Un manoir a toujours un petit côté mystérieux, une histoire à raconter, des souvenirs tapis. Celui qui se cache derrière un haut mur d’enceinte, dans cette rue tranquille de Thorembais-Saint-Trond (Perwez), est aussi appelé château Jadoul, du nom de l’arboriculteur du village qui le fit ériger à la fin du XIXe siècle. Entouré d’un petit parc et de quelques arbres remarquables, il impressionne par sa façade en très bon état relevée par un balcon à garde-corps en fer forgé, et par son imposante toiture en ardoises flanquée, aux quatre angles, de tourelles et colonnettes. Son âge vénérable lui vaut d’être repris à l’inventaire du patrimoine architectural de Wallonie. Mais il est aussi gratifié de quatre épis par le Commissariat général au Tourisme depuis que les nouveaux propriétaires y ont aménagé deux chambres d’hôtes dont les noms semblent jouer avec les effluves de jadis : « La chambre des secrets » et « La suite des confidences ». Le mystère est cependant vite levé dans la salle à manger où Sandrine et Olivier de Ghellinck nous ont tout raconté. Sous l’œil intéressé d’Eviac, le cocker anglais, qui fut le premier à nous accueillir et qui dresse maintenant ses grandes oreilles rousses pour ne perdre aucune bribe de la conversation.

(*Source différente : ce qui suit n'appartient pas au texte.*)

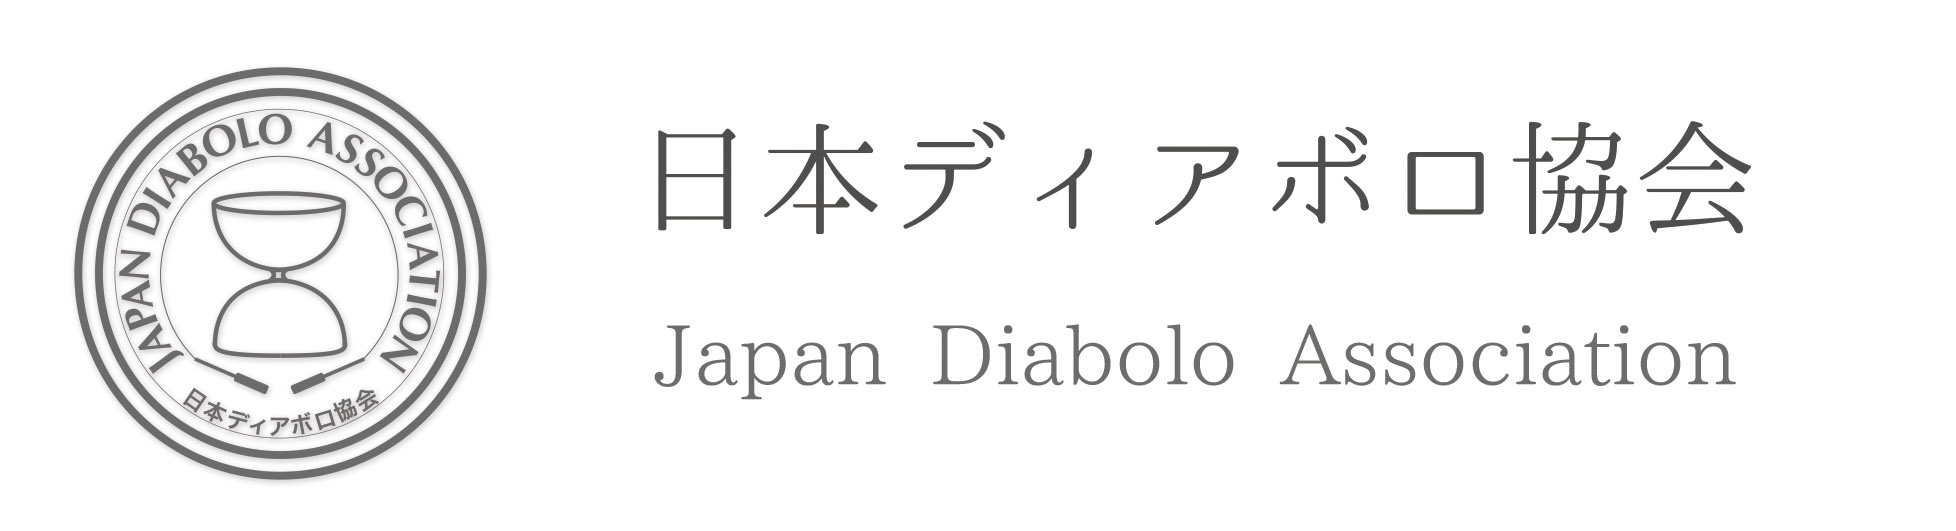 japan diabolo association

« Les de Ghellinck sont originaires d’Elseghem, près d’Audenaerde, où le château familial a brûlé en 1973, explique le propriétaire. Quand nous nous sommes installés ici, en 1999, ma femme et moi habitions déjà la région. Nous cherchions depuis quelque temps un logement de caractère à rénover. Cette demeure, qui a vu défiler plusieurs générations de propriétaires et locataires, nous a plu tout de suite. Par son style, son âme et ses potentialités, mais également par sa situation géographique sur l’axe Bruxelles-Namur, près de l’entrée de l’autoroute E411 et de la gare de Gembloux. Nous nous sommes aussitôt attelés à la rénovation. En réalité, nous n’avons quasiment pas touché aux murs. En revanche, le rafraîchissement et la décoration nous ont pris près de dix années. Heureusement, c’est notre dada à tous les deux. Ma femme est habile en couture et en peinture, moi je me suis spécialisé en garnissage de sièges. Et j’adore redonner vie aux antiquités. »
« Nous voulions trouver une juste harmonie entre le confort moderne et la préservation de l’authenticité des pièces, enchaîne son épouse. La cuisine bénéfice ainsi de tout l’équipement moderne, mais dans les pièces les meubles sont anciens et les décorations en harmonie. » Et la maîtresse de maison de citer l’exemple de la salle à manger, jadis une véranda surmontée d’un toit très peu esthétique. « J’ai confectionné des bandes de tissus formant un velum que nous avons accrochées au plafond avant d’y suspendre un lustre d’époque. Ainsi habillée, cette pièce a tout de suite un autre cachet. »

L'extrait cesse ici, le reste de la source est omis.